The Grange Fair is an annual fair and camping event held in Potter Township in Centre County near Centre Hall, Pennsylvania each year since 1874.

The fair is typically held in the last full week of August. On the last day of 140th Grange Fair, it was announced that the 2015 Grange Fair would be moving a week earlier and adding 1 day, with the fair going from 7 days to 9 days.
The 2005 Emmy awarding winning documentary film The Grange Fair: An American Tradition directed by Joe Myers chronicles the 131st Grange Fair.

== Attractions ==
The Centre County Grange Fair is most notable for allowing fairgoers to camp on the grounds, but the fair also has carnival rides, many types of food stands, bingo, and live concerts. As a county fair, it hosts animal shows, livestock contests, and 4H competitions, as well as the judging of baked goods, canned goods, quilts, vegetables, and photography.

== Camping ==
Camping at Grange Fair takes place in two forms: tenting and RV'ing in recreational vehicles.

It consists of thousands of people camping at the fairgrounds in one thousand large, green, blue, or tan rented canvas tents with asphalt floors. There are one thousand Five Hundred Recreational Vehicle spots, with thousands who stay in their own recreational vehicles, parked on the grounds. Most recreational vehicles are parked in rented locations that offer electric and plumbing hookups, but there are additional spaces available on a first-come-first-serve basis for a nightly fee. However, these "overflow camping" spots do not have electric or plumbing hookups.

The roughly 1000 tents are erected over the proceeding weeks by prisoners on work release from the nearby SCI Benner. Each tent is approximately 14 feet by 14 feet with a single 4 outlet electrical box in one corner. Because tent spots do not have running water, there are public water spigots with free potable water and public bathrooms in multiple locations. Tenters may pay once to have an extension added to the front and/or back of their asphalt pad. These extensions have set dimensions and tenters are responsible for devising a manner to cover their extensions. Tenters may not alter their tents or asphalt pads in any way.

Tent locations are often occupied by the same families down through generations. After the space for the tents reached maximum capacity, a wait list was started. The wait list was cancelled after 3 decades when it exceeded 500 families, some of which waited 27 years. Fairgoers can no longer apply for a tent. Invitations to hold a tent or RV location are solely at the discretion of the Fair Committee, however, both tenters and campers may lose their location for rule violations or for passing up their location for 2 fairs. A single person (or couple) may not rent both a tent and a camper spot.

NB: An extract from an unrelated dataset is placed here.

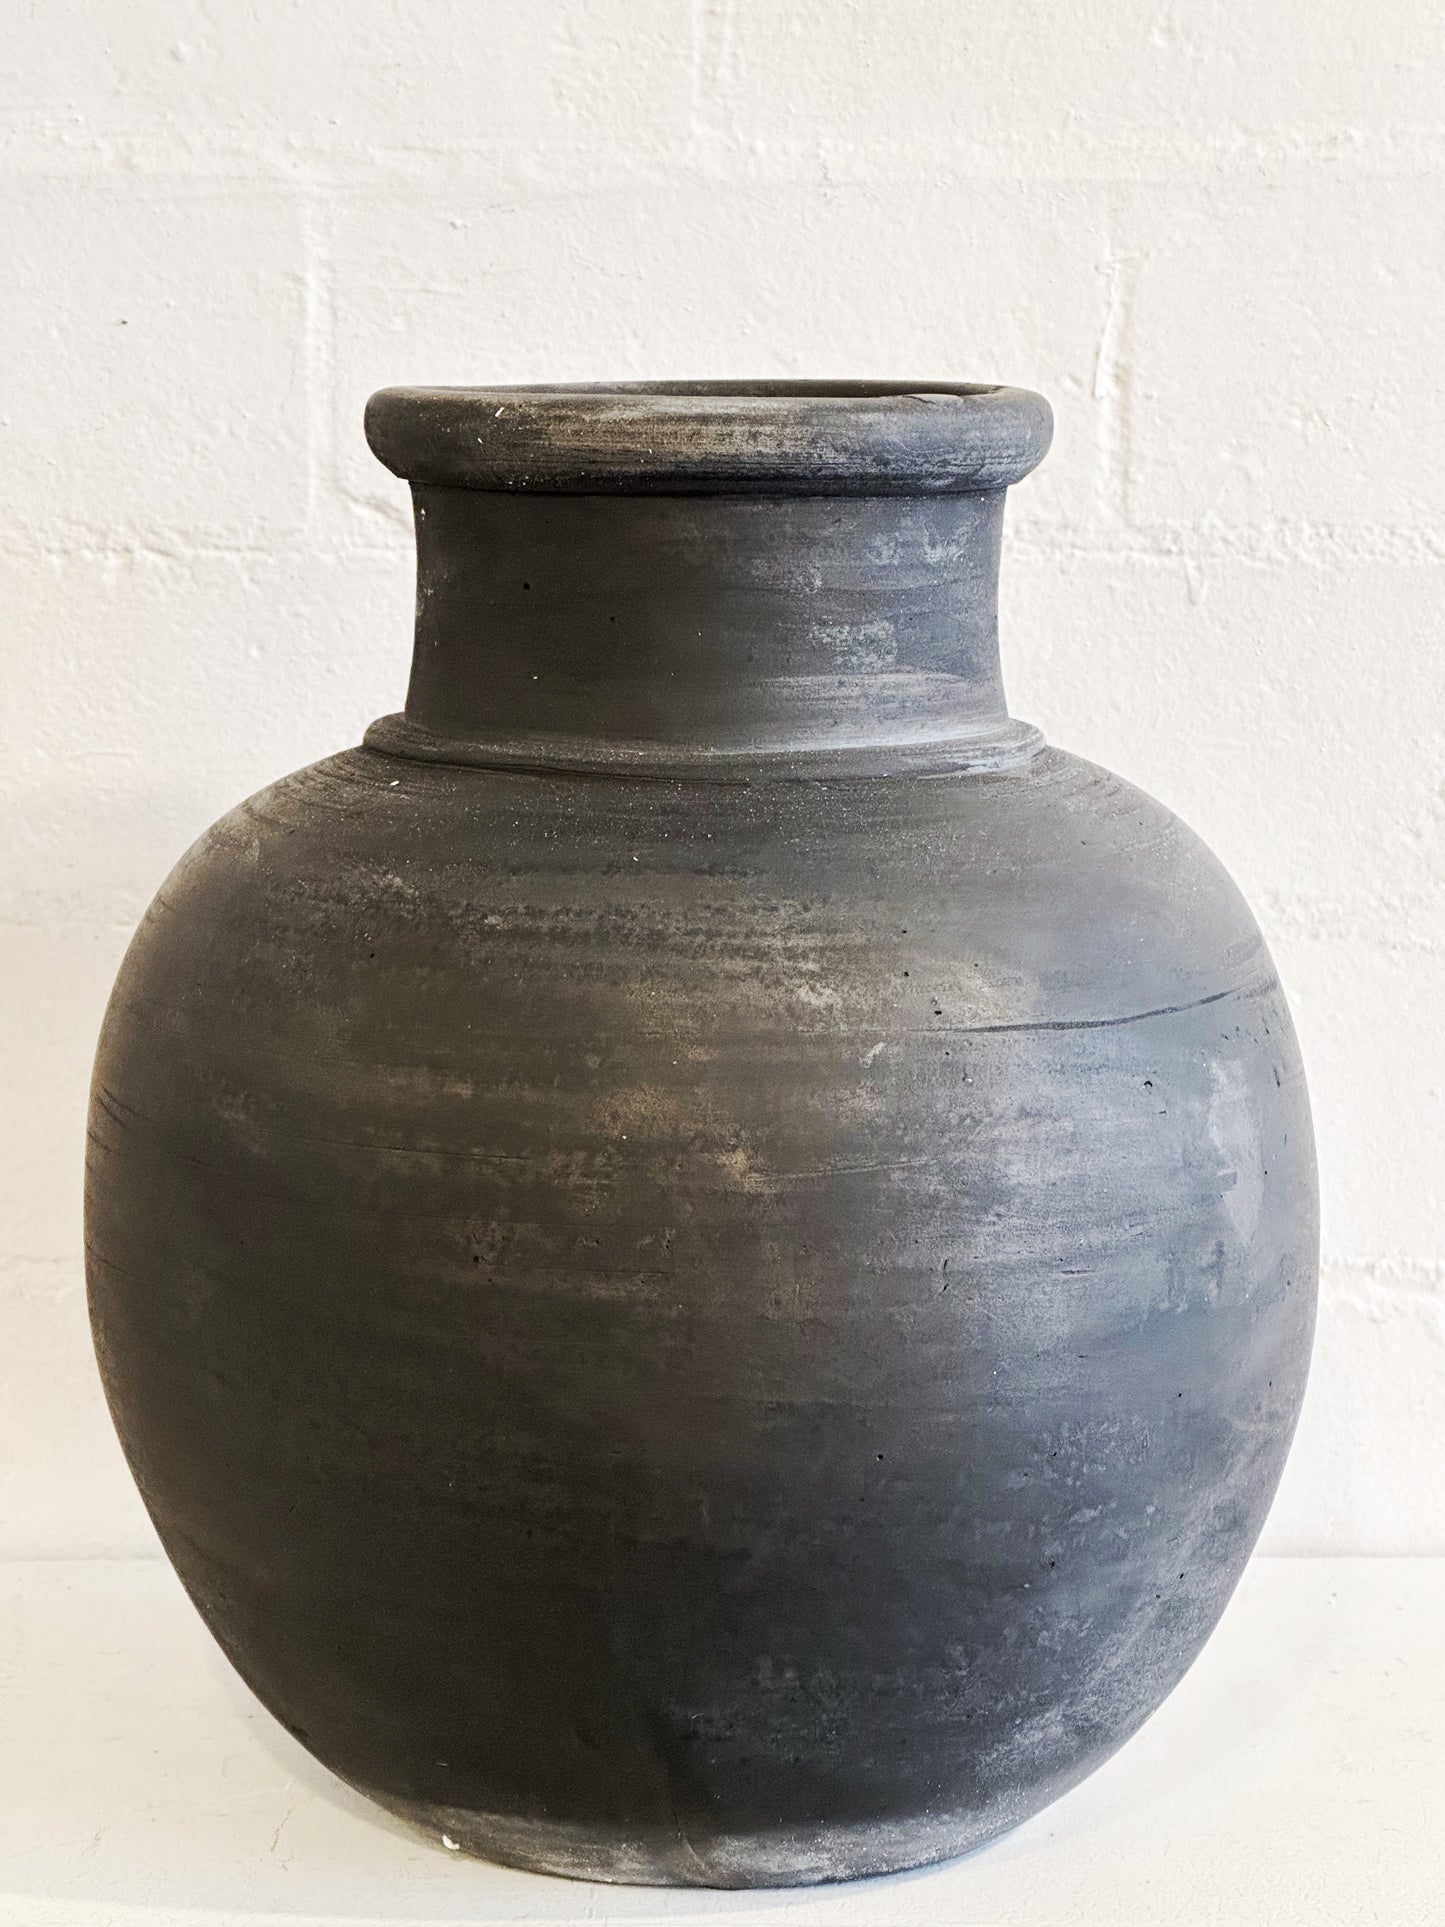 Black Terra Cotta Vase Container

Historically, those renting tents would move in on Wednesday with those renting spaces with campers move in starting as early as the Sunday before the fair opened officially on Thursday. Since 2015, the official tenter move-in date is Thursday, with the first day of the Fair starting on Friday, the next day. Tenters are permitted to enter the grounds on Sunday to put up their tent extensions and move in any large furniture. Neither campers nor tenters are permitted to occupy their encampments until their designated move-in day.